In the case where the load elements LOAD11 and LOAD12 are both load elements that cannot normally operate unless the power sources V1 to V3 are simultaneously applied, if the insulated power supply DCDC11 (time T11; refer to point A in FIG. 12(a)) starts earlier than the insulated power supply DCDC12 (time T12; refer to point B in FIG. 12(b)), power supply from the insulated power supply DCDC11 to the non-insulated power supply DCDC13 and DCDC14 would be done earlier than power supply from the insulated power supply DCDC12 to the non-insulated power supplies DCDC15 to DCDC17, hence, in the load element LOAD11, a voltage is applied to the terminal V3 later than the terminal V1 (refer to point C in FIG. 12(c)) and the terminal V2 (refer to point D in FIG. 12(d)), which would prevent the load element LOAD11 from being able to operate normally.
In other words, in a load element requiring a plurality of power sources, if the plural power sources are not applied simultaneously or in the defined order, the load element would not operate normally.
Further, if inter-element signals are not transmitted simultaneously or in the predetermined order to the plural load elements, hangup or error would occur.
For these reasons, there has been proposed a method of connecting outputs of the plural insulated power supplies DCDC11 and DCDC12 in parallel to simultaneously supply the power to the non-insulated power supplies DCDC13 to DCDC17 in the following stage thereof.
FIG. 13 is a diagram schematically showing another example of configuration of the known power supply apparatus.
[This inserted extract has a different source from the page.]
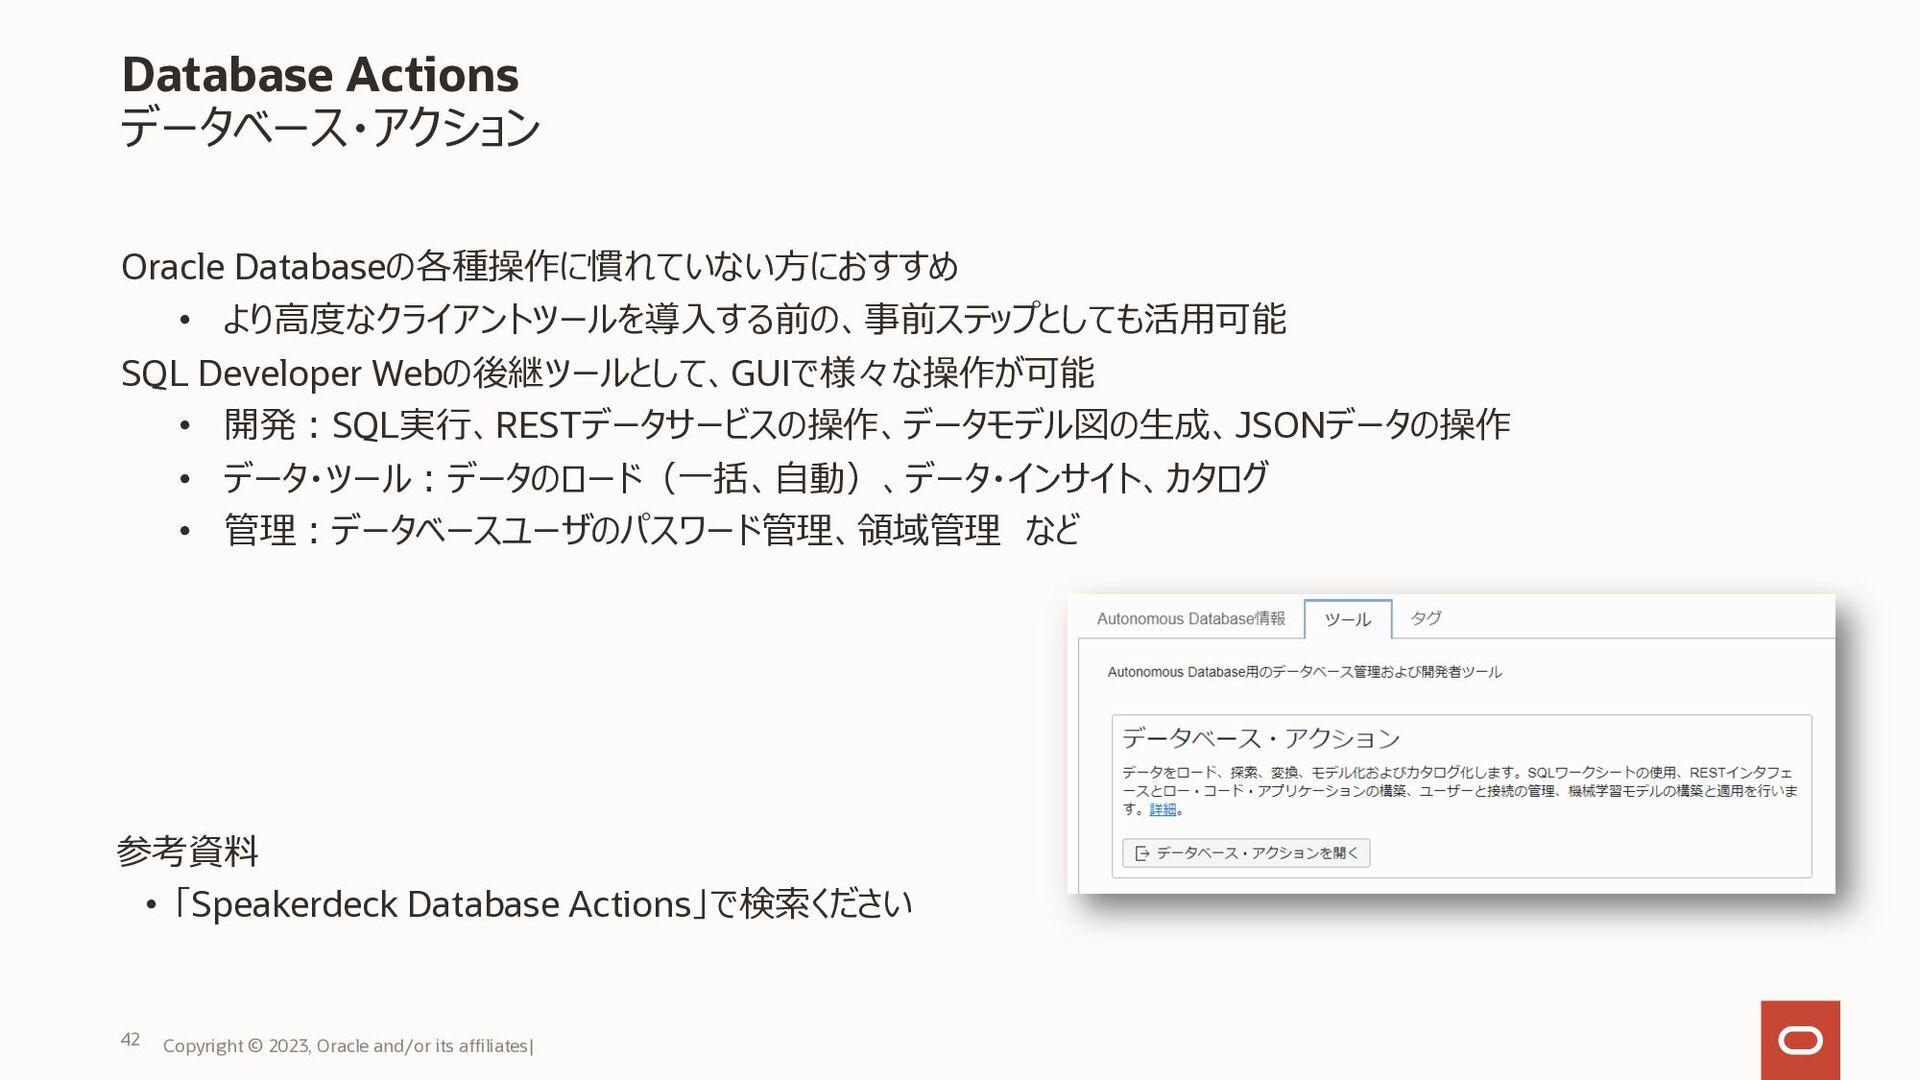 SQL*Plus(OCI)での接続イメージ 接続情報を編集し、インスタンスに接続 Copyri...

FIGS. 14(a) and 14(b) are a timing chart showing states of voltages in the known power supply configuration shown in FIG. 13. FIG. 14(a) is a diagram showing a voltage Vi11 outputted from an insulated power supply DCDC11. FIG. 14(b) is a diagram showing a voltage Vi12 outputted from an insulated power source DCDC12.
In the known power supply apparatus shown in FIG. 13, outputs from +Vout terminals of the plural insulated power supplies DCDC11 and DCDC12 are connected in parallel and inputted to +Vin terminals of non-insulated power supplies DCDC13 to DCDC17 in the following stage. Whereby, the power is simultaneously supplied from the plural insulated power supplies DCDC11 and DCDC12 to the non-insulated power supplies DCDC13 to DCDC17 in the following stage.
However, the known method shown in FIG. 13 has a risk that when either one (the insulated power supply DCDC11 in the example shown in FIGS. 14(a) and 14(b)) of the insulated power supplies DCDC11 and DCDC12 starts earlier (refer to a time T11 in FIG. 14(a)), all the loads of the non-insulated power supplies DCDC13 to DCDC17 concentrate on the insulated power supply DCDC11 before the insulated power supply DCDC12 starts (refer to a time T12 in FIG. 14(b)), as a result, the insulated power supply DCDC11 goes down.